Dealing with bimodal dataset due to limit of detection

I have a dataset with a pdf like in the attached image. There is a lower limit of detection on my measured data, but it doesn’t take on a precise value, hence the spike in data is a narrow distribution, but not a line. Instead of the data being censored, I have a lot of values close to the limit of detection. I assume there is some normal distribution in reality, that is being “truncated” by my measurement.

How would I deal with this in PyMC3? I’ve explored the bounded and truncated distributions, but those seem to deal moreso with censored data? There’s information contained in the proportion of the pdf that is in the limit of detection region, so I’d rather not just censor it. Thoughts?


I’ve had similar issues with lack of observational precision at low values and found that the skew normal distribution worked pretty well.

Thanks for the quick suggestion. I’ll give it a shot, but looking at the example curves in your link, I’m thinking skewnormal may be to “soft” a curve to fit such a hard shoulder in my data. The cartoon I drew, is actually a generous representation. A kde of my data looks about like a 90deg angle, with 90% of the data in the narrow, limit of detection peak, and 10% of it in the tail of the normal distribution that it’s truncating.

I see what you mean. Maybe a shifted gamma regression?

To clarify: I think that the true values of my data follow the dashed red curve (or something like it), but due to my limit of detection, my observed pdf is the blue curve. I’d like to infer mu_actual (it’s actually a variable that I’m regressing and has physical meaning to it). Hence I would need some sort of unimodal distribution, where the mode would be below the limit of detection region, despite the data showing a mode at the limit of detection region.

Hey Chris - that definitely comes closer to the steepness I need, but not sure it fits the end goal, as I’m hoping to estimate a physical parameter with true value on the unobserved side of the limit of detection. Hopefully that makes sense. I dropped a new graphic out in the parent thread to show what I mean.

This might be going out on a limb here but do you have any rough idea of the process that maps the true value to the observed one? For example, if there was a specific nonlinear function that we could build in.

I have an idea of the physical process, but unfortunately not something that could be mapped by 1:1 function I don’t think. Basically, the “x” value that is measured is a microbial density (CFU/mL or colony forming units of microbes per milliliter of sample). This is a log scale, and if you take a big enough volume (many liters) you’ll always find a colony forming unit when you culture the sample.

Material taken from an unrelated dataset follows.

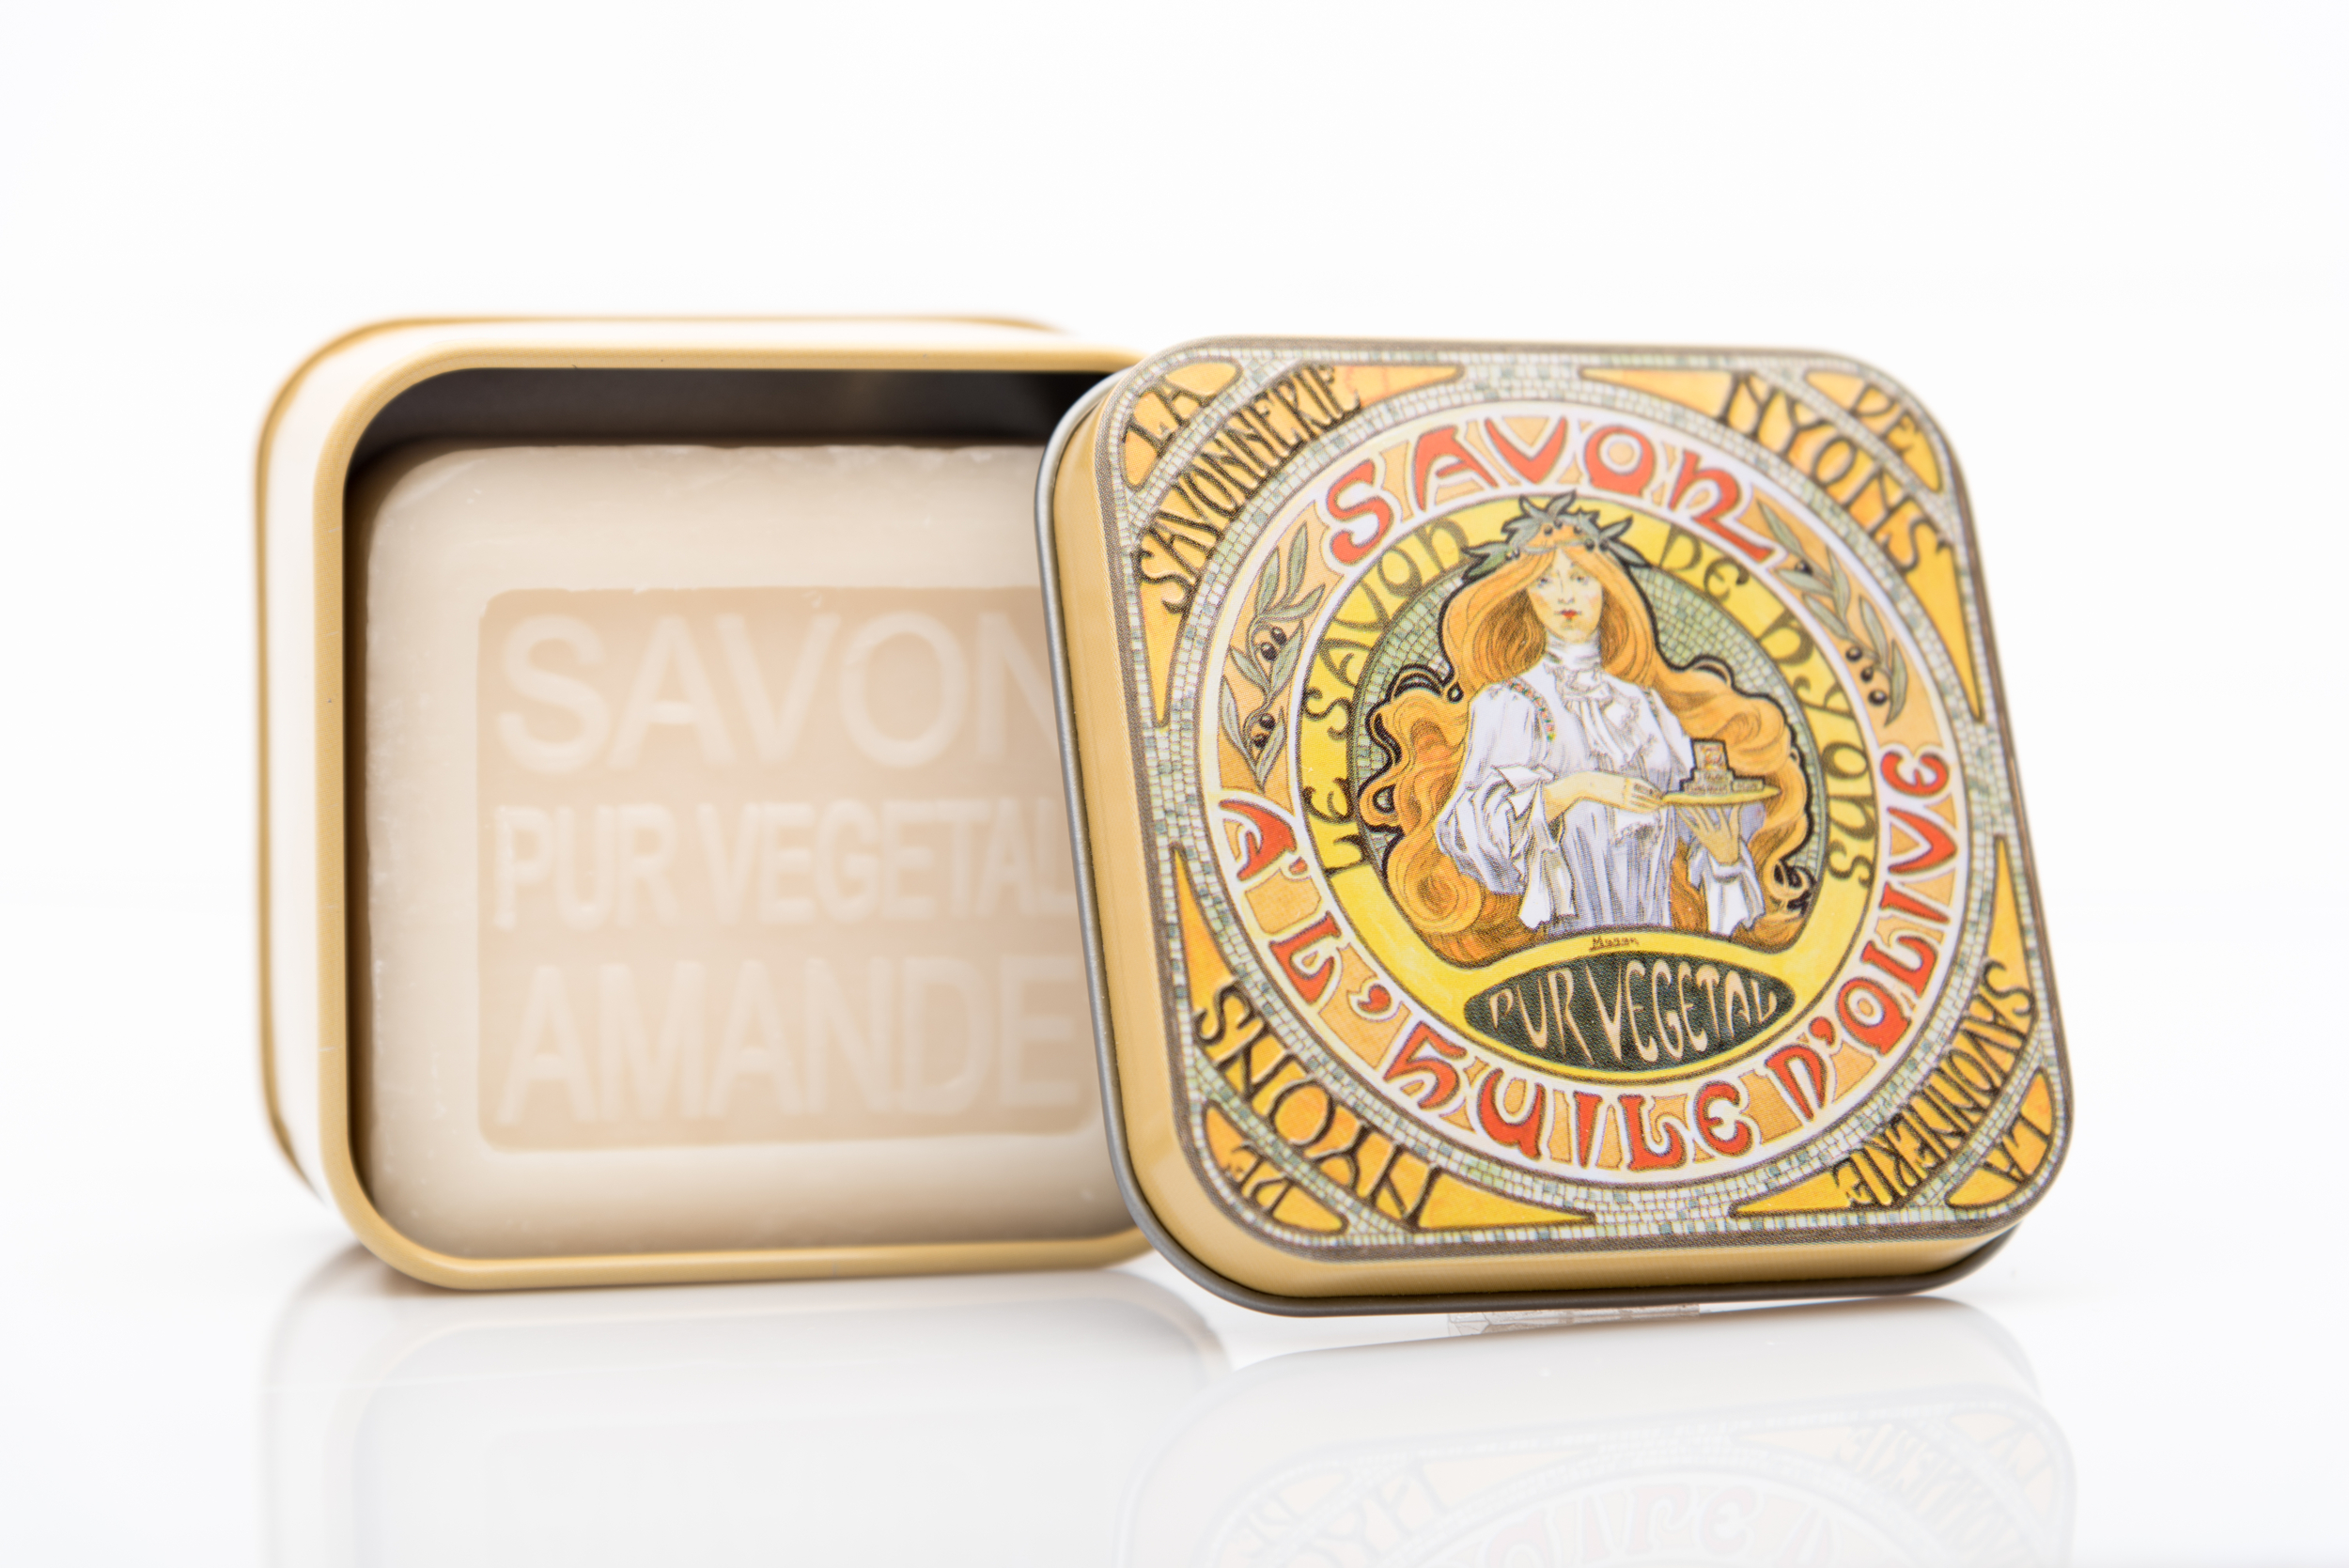 SAVON DE NYONS VEGETAL MADE IN FRANCE AVEC BOITE METALIQUE MODELE 50 AMANDE

However, in practice, the lab samples progressively larger volumes to count the microbes, but only looks down to ~1 CFU/mL and does not sample larger volumes to see if it might have been 0.1CFU/mL. So everything below 1-1.5 CFU/mL maps to 1-1.5 CFU/mL.

My suspicion is that we would have to make some very specific parametric assumptions regarding how the probability mass to the left of the detection limit gets transferred to the vicinity of the limit. Could we perhaps model it as censored data plus some additive positive noise that is an increasing function of \mu_{actual} over some region close to the detection limit?